:: Task to carry out ::
Pictures in the records below must be left out. Return exactly the lines from the line with "Eine farbenfrohe dreifache" to the line with "Diese leuchtend rote", both included.

:: Data shown ::
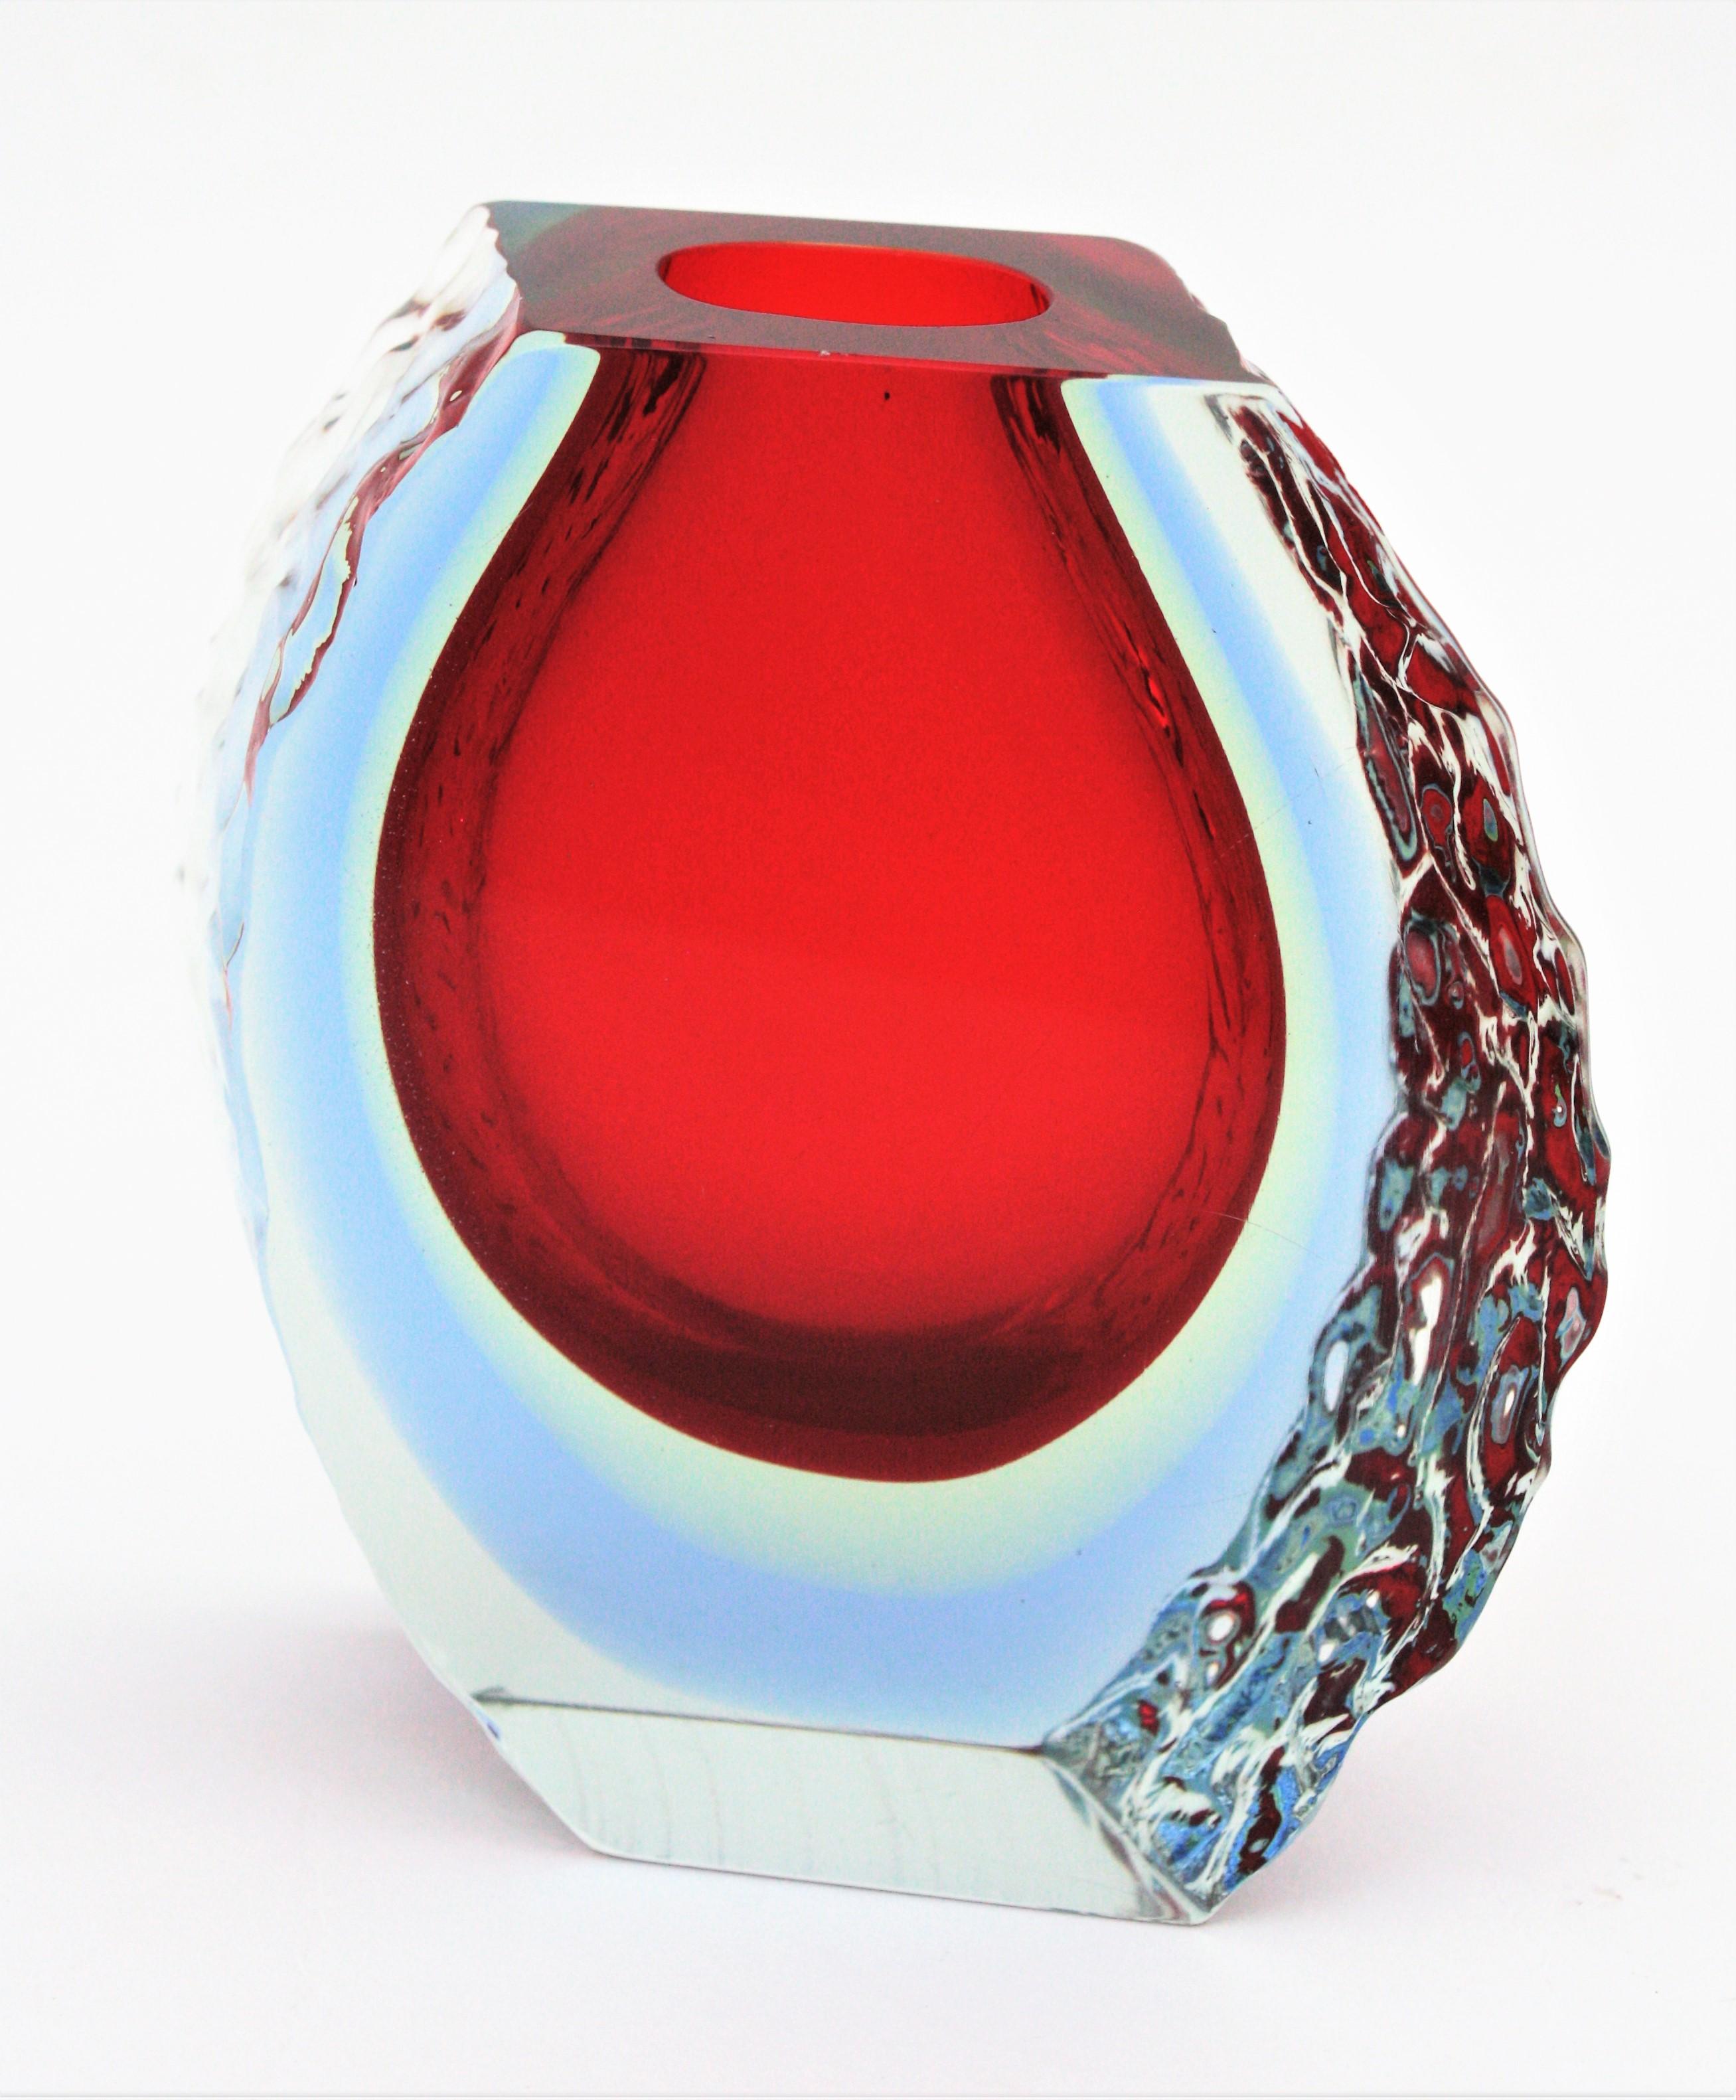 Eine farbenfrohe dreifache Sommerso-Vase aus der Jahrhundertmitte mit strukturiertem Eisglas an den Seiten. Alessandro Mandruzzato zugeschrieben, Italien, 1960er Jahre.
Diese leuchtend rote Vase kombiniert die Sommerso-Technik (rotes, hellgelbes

---

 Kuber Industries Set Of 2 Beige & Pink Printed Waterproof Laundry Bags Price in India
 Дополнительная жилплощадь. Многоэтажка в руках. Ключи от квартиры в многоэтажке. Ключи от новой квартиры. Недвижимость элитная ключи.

:: Exercise answer ::
 Eine farbenfrohe dreifache Sommerso-Vase aus der Jahrhundertmitte mit strukturiertem Eisglas an den Seiten. Alessandro Mandruzzato zugeschrieben, Italien, 1960er Jahre.
Diese leuchtend rote Vase kombiniert die Sommerso-Technik (rotes, hellgelbes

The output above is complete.